First off, we should translate “what is the greatest value of x where n is an integer”. What the question is asking is how many 3’s can you divide out of 61! + 60! + 59!, or in other words how many factors of 3 does ‘n’ have.

Next, we’ll want to factor. The first step is to remove a 59! from each of the three numbers, since that is the biggest number in each: 59! [(61)(60) + (60) + 1].

Notice how (60) + 1 = 61. Notice as well that we already have ‘60’ 61’s (that’s what 61×60 means). By adding in the additional 61, we now have 61^2. Since ‘61’ is a prime, it has no factors of ‘3’, so we can focus our attention on 59!.

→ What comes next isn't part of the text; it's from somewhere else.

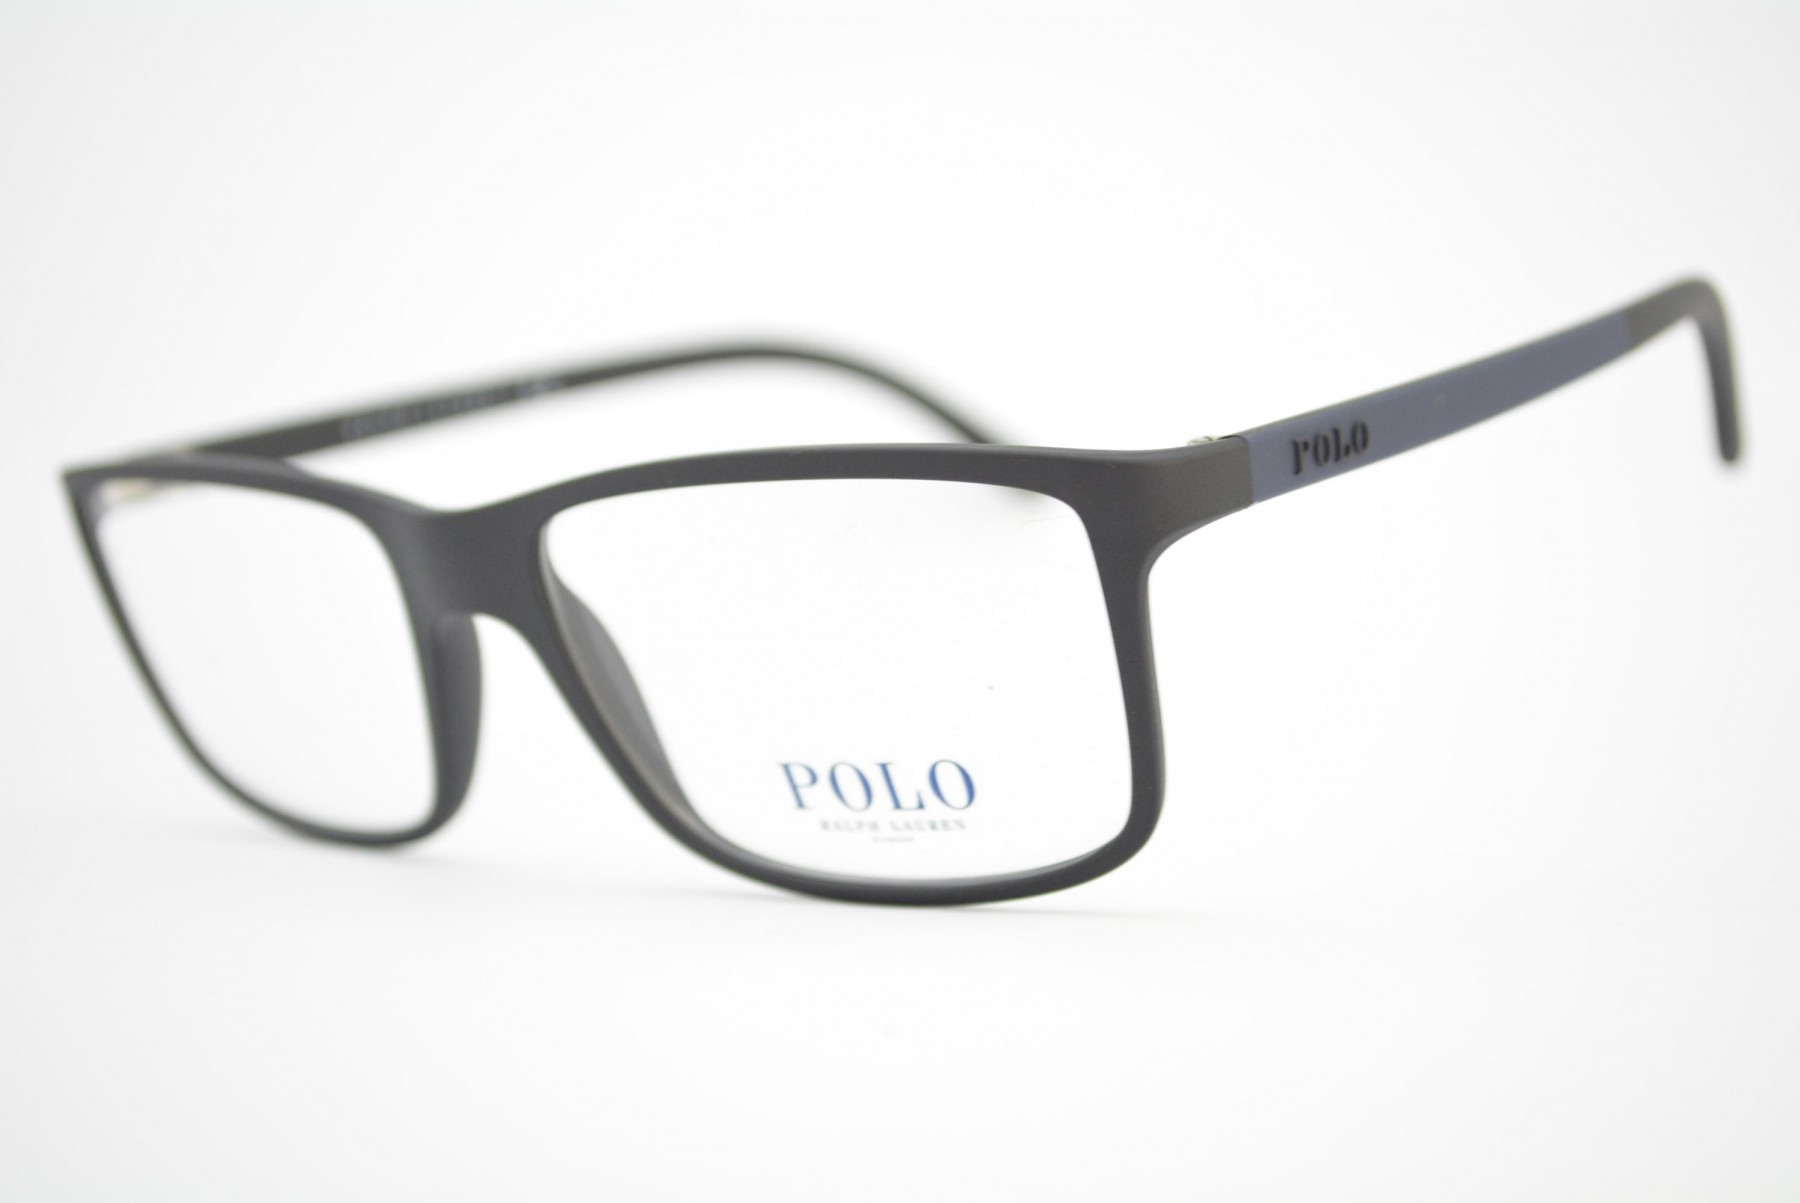 5d2e33178c8fd armação de óculos Polo Ralph Lauren mod ph2126 5505 Ótica Cardoso

There are a lot of ‘3’s in 59!. First off, there are **19** multiples of ‘3’ (19×3 = 57). Secondly, there are 6 multiples of 9, which means an extra 6 factors of 3 (remember 9 = 3^2 and we already counted one of those threes when we found the multiples of ‘3’).

Finally, there are two multiples of 27 (27 and 54), which give us 2 additional factors of 3, since 27 = 3^3.

Therefore, **19 + 6 + 2 = 27**.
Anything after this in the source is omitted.